The assent could not be given without a resolution of the common council duly passed. No officer of the city government is clothed with the authority to give such assent without the sanction of the common council.

The injunction, then, in effect, restrains the common council from performing a legislative act or function.

It has been previously determined by this court that an injunction for such a purpose could not properly be granted.

Should such a resolution be adopted, it will then be in season to restrain the operation thereof by injunction, if it be invalid for any reason. Such a resolution may never be passed, or even proposed.

The facts alleged upon which the apprehension of the plaintiffs is founded, are too vague and indefinite to warrant the belief of actual danger.

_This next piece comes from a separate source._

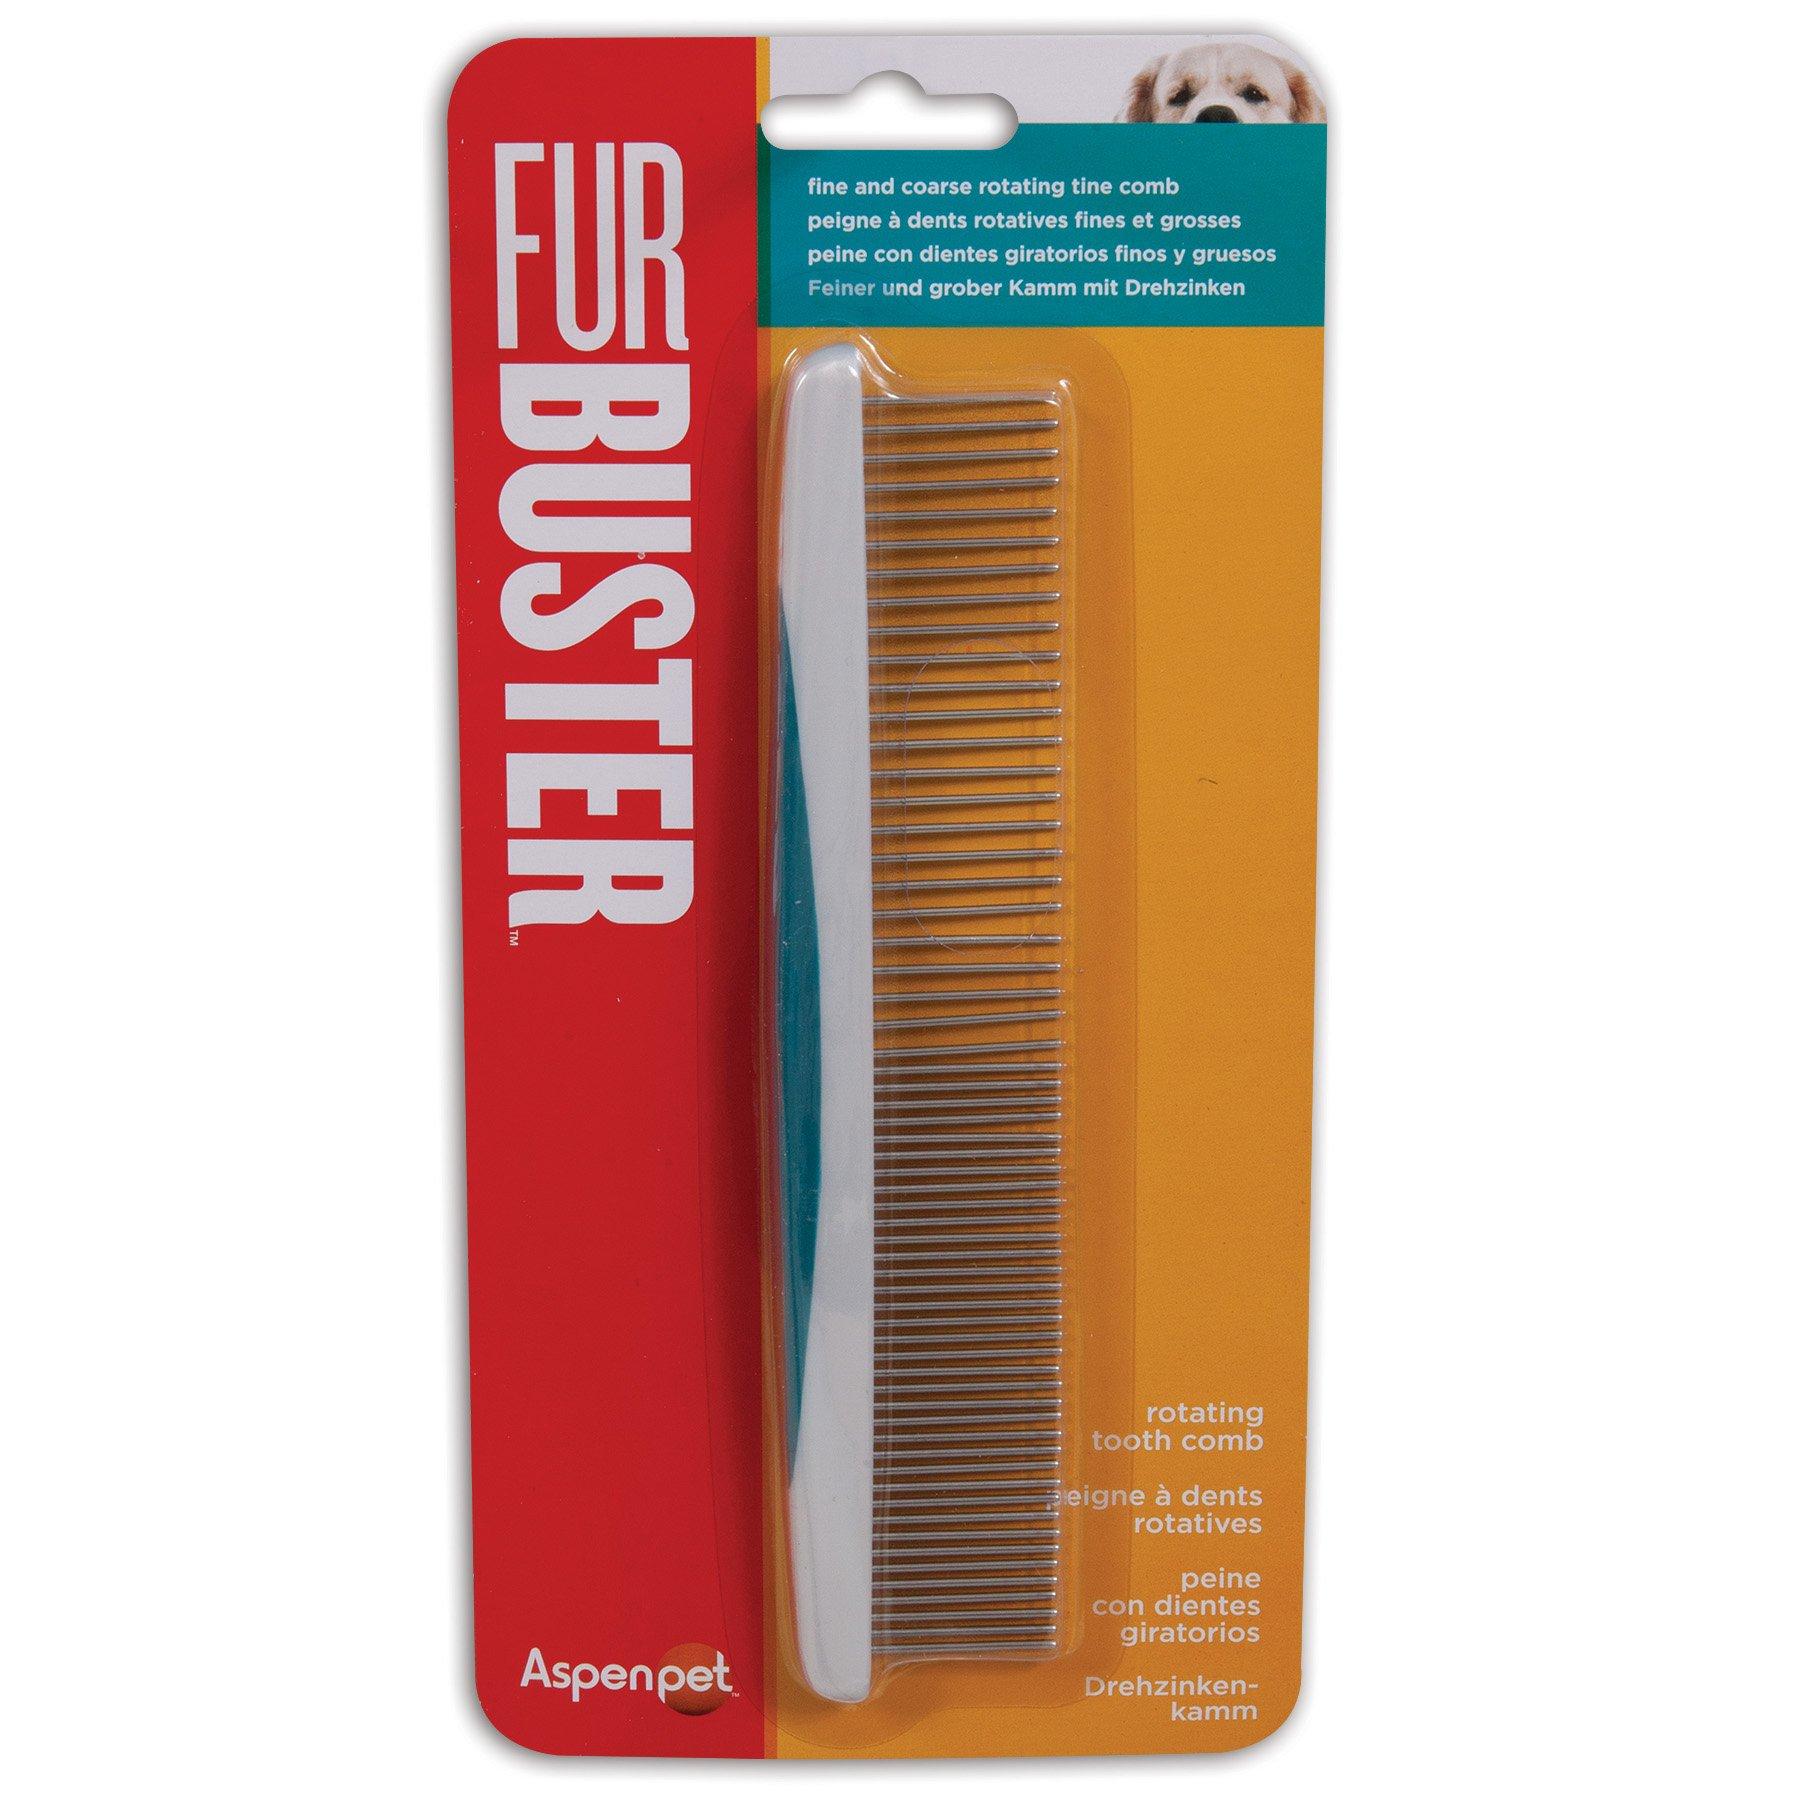 Petmate Furbuster Rotating Tooth Comb, Vibrant Plum by Petmate (Image #2)

Whatever opinion the plaintiffs or the public may entertain in respect to the good faith of the city legislature in the execution of the duties confided to them, no court can accept that opinion on rumor or suspicion alone. The action of the court must be based on distinct charges of facts, from which the desired conclusion can be drawn, and which, upon issue joined, can be sustained or rebutted by proof.

In this case the plaintiffs make no allegation of any facts *151showing why this court ought to determine, judicially, that the mayor and aldermen will consent to the construction or operation of the proposed railroad.

Judgment will therefore be entered for the defendants, the mayor, aldermen, and common council of the city of New York, upon the demurrer, with costs.